Despite not being involved except for the last month in the effort for the second wave, the factors behind the wave and this humanitarian disaster are abundantly clear.

The obvious ones are-

1. Covid innappropriate behaviour and poor policy making- after the December wave most epidemiologists (including us) and the government let down their guard. This was informed by poorly conducted serological surveys which showed upto 70% population infected in some places. On careful analysis we found that these surveys were not truly randomised with biases towards areas with high covid incidence. Certain large gatherings (involving millions of people) along with the elections in at least 7-10 regions in India also caused this massive spike.

2. Wanning Immunity- add to these factors, waning immunity. Antibody prevalence in the population that blocked the first wave from growing any further reduced over the course of the last 6-8 months.
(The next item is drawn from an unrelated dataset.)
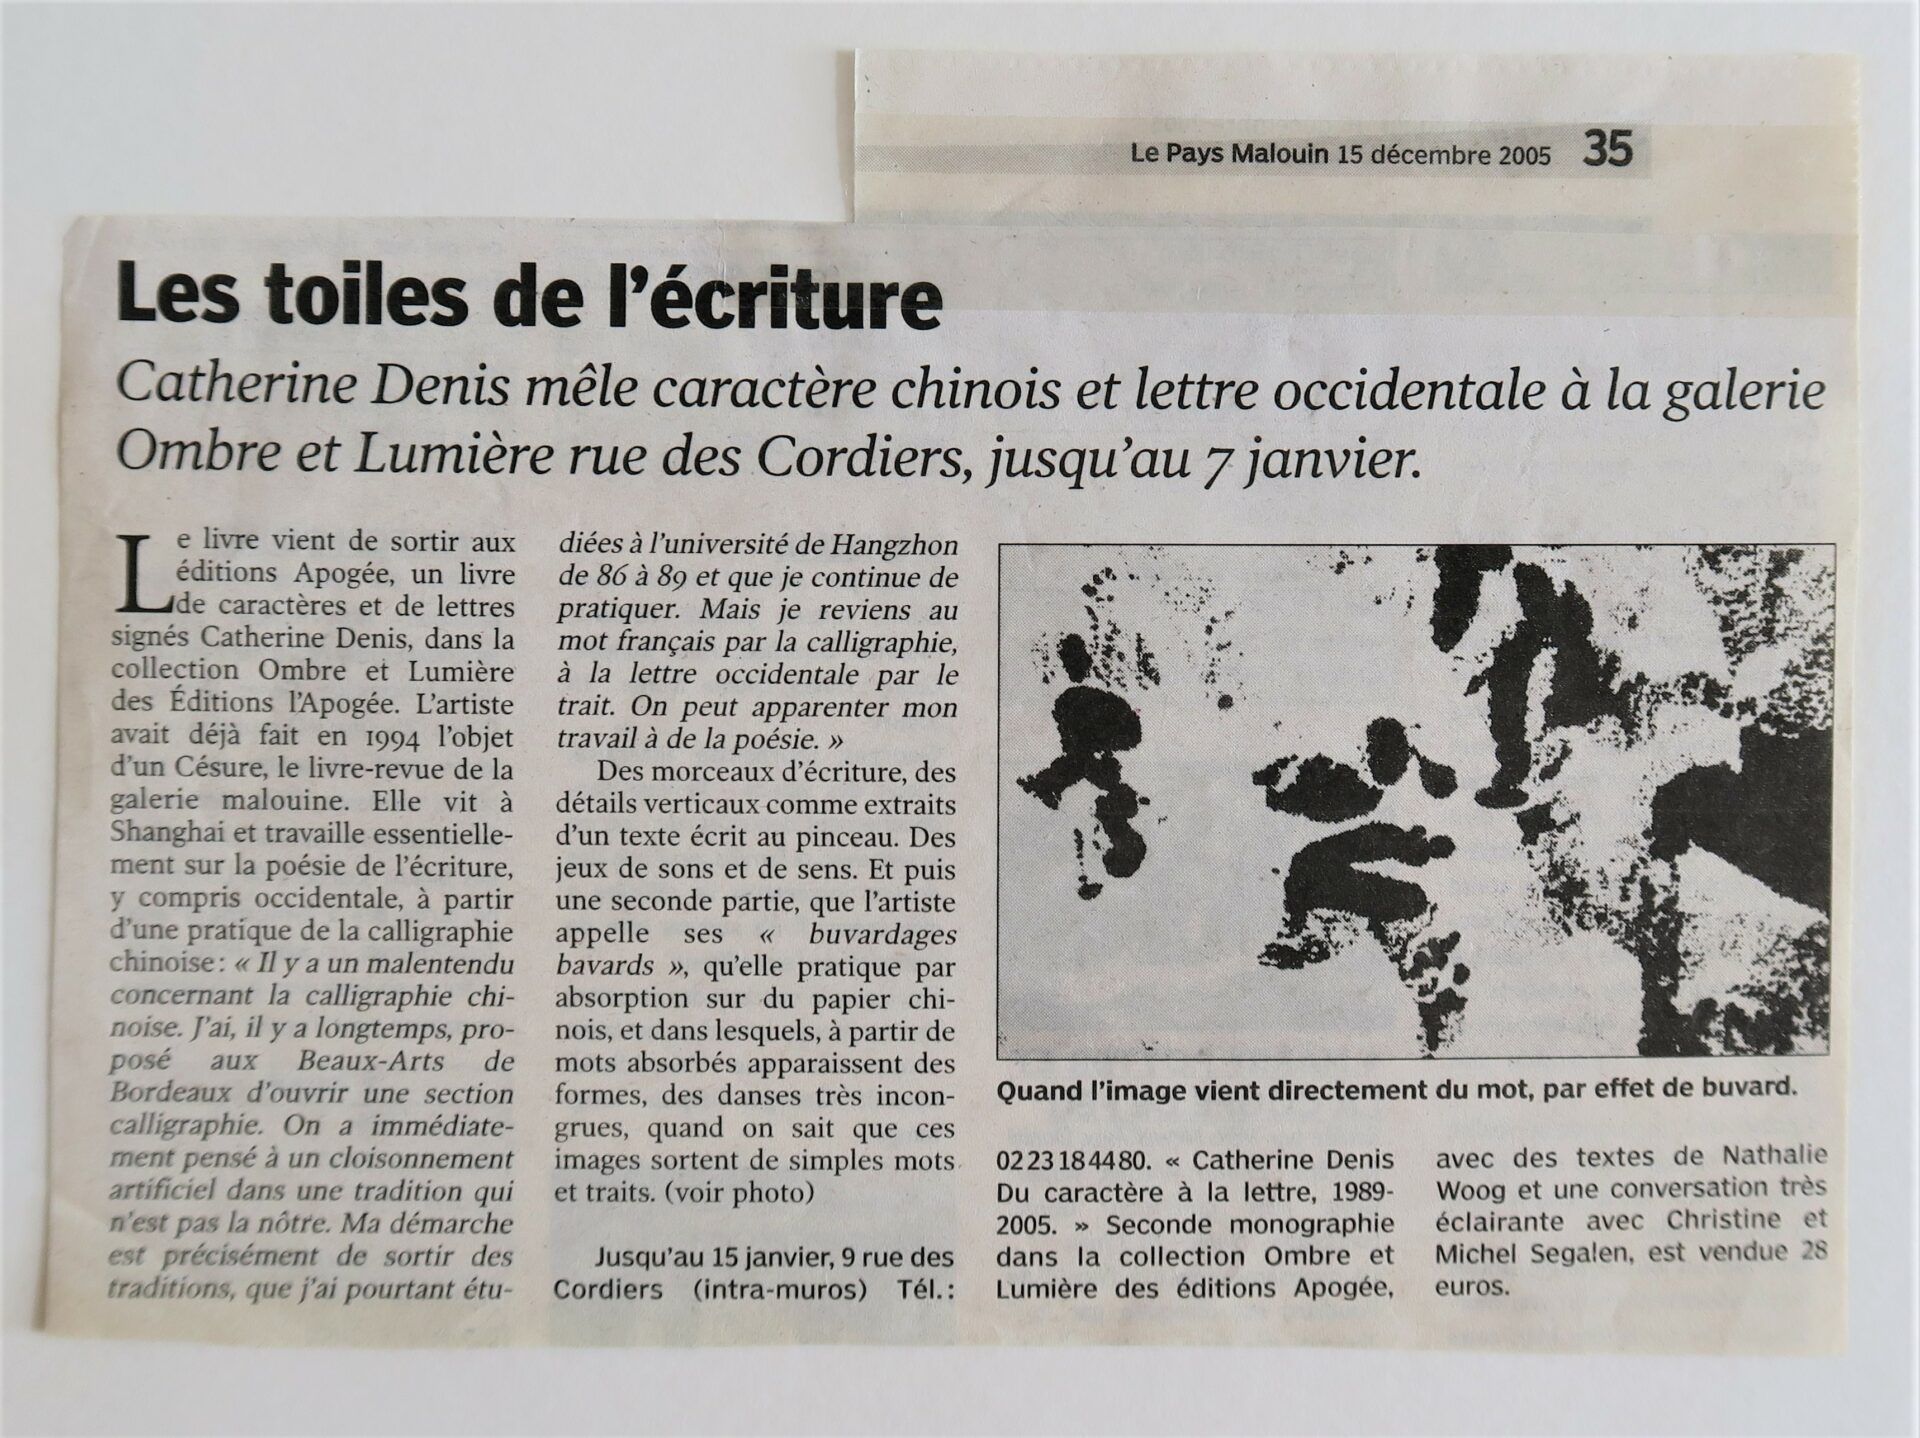 2005 - Le Pays Malouin

This meant more people were transmissive than at the end of the first wave.

3. Mutations- as is the case with any virus, the virus mutated to multiple variants. Multiple significant mutations have been recorded and with a population, landscape, and variation of strains afforded by India, these mutations are all ever so slightly different from each other, populating different strains in silos which mixed. We suspect that even though most of these mutations will not make the virus deadlier or more transmissive, they will provide for an immune escape from an epidemiological perspective. Antibodies tuned to protect from the earlier strains of the virus will not provide the same level of protection (as is also seen in the case of vaccine-generated antibodies and mutations related to immune escape).

4. Low testing, near-zero randomized prevalence monitoring- In the first wave some states upon our recommendation implemented randomised prevalence and randomised sentinel monitoring (sentinels being high contact individuals), this let them get ahead of spread well in time. However in the second wave this was not done as one tended to believe that we ld be able to face any peak that would arise out of waves subsequent to the first having scaled up medical facilities significantly.
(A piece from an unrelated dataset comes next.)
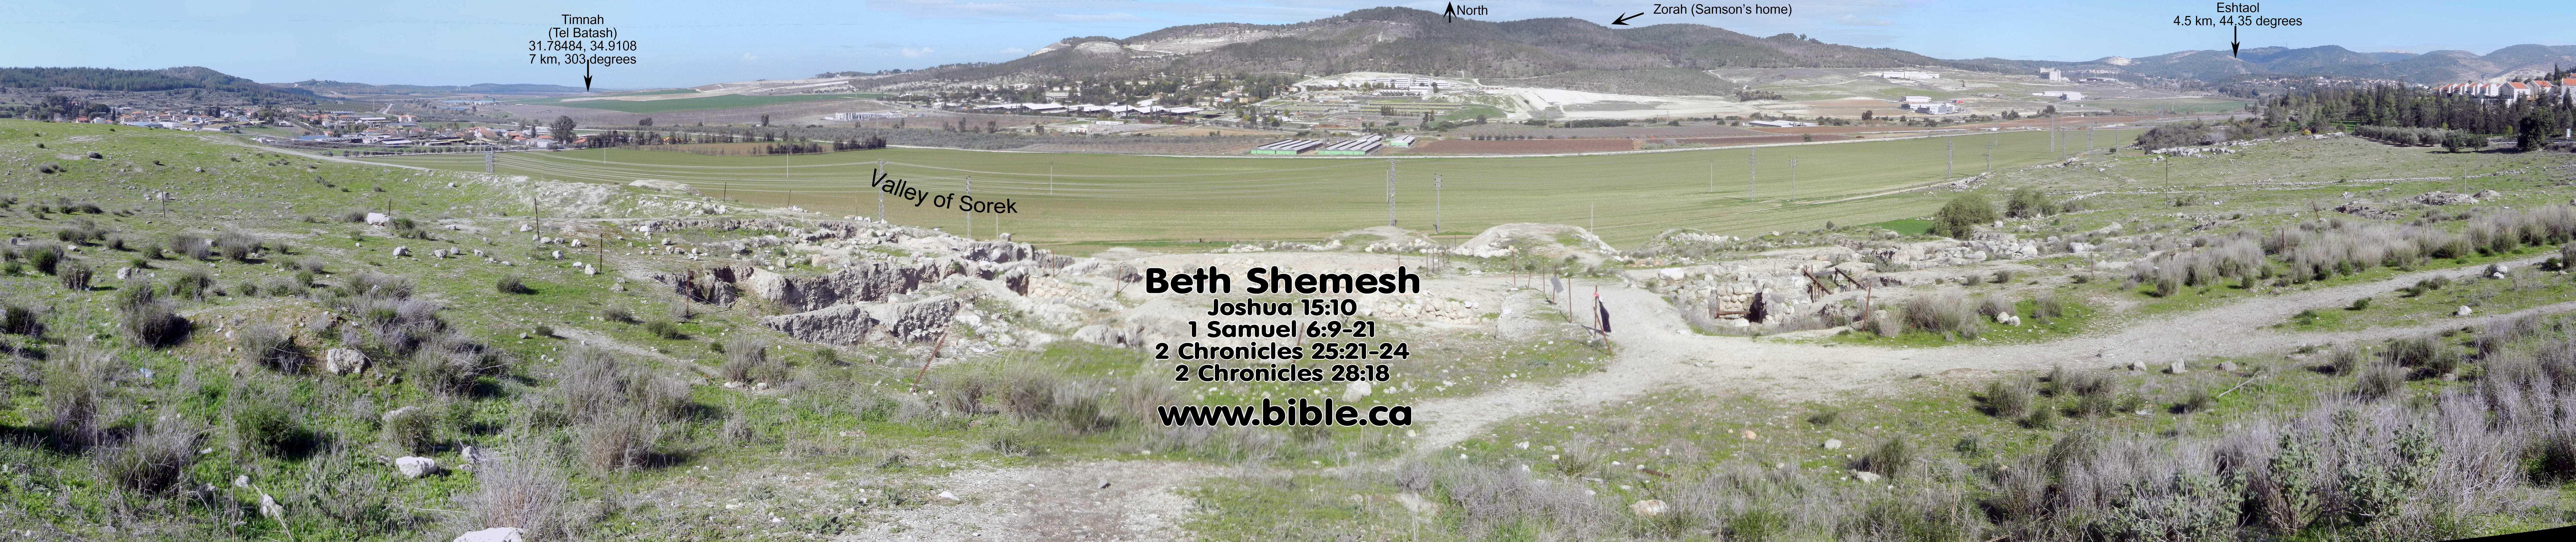 Beth Shemesh Bible Maps: Zorah Israel Map

5. Reluctance to lockdown even at a local level- The central body (this time not informed by our projections) in charge of the projections was fairly confident that we would peak at 100,000 cases per day in their worst-case scenario back in March when the wave was picking up. This rang false and their projections turned out to be too low. While on the other hand in the government, there were skeptics who didnt even think we would reach 100K cases per day. While a national lockdown didnt make sense at any point (even in retrospect) as it would cause more damage to life and livelihood like last time around, localized restrictions could have been enforced. However due to elections and economic concerns governments refused to enforce this. As a classic example in the first wave before mumbai even had 100 cases a day, the city was completely shuttered. In the second wave, Mumbai local trains- the densest mode of transport-were running even when Mumbai had 2000 cases per day.

A combination of these factors lead India to the second wave. To be honest, the first wave was more of an anomaly as we expected COVID in a population of 1.3 billion with the densest cities in the world to be extremely devastating. However, the early lockdown, the low variance of strains, high contact tracing, the low spread of the virus to rural areas worked in our favor. In the second wave complacence led to a disaster.

Universal randomised testing, sentinel surveillance, large swathes of data such as the ones our technology will enable not only in TB but in all emerging infectious diseases can stop in tracks any epidemic, converting what would look like the second wave in India to what was the first wave at the very least.

I hope we get a chance to elaborate more in the next round as a comment here in reply would not do the question justice.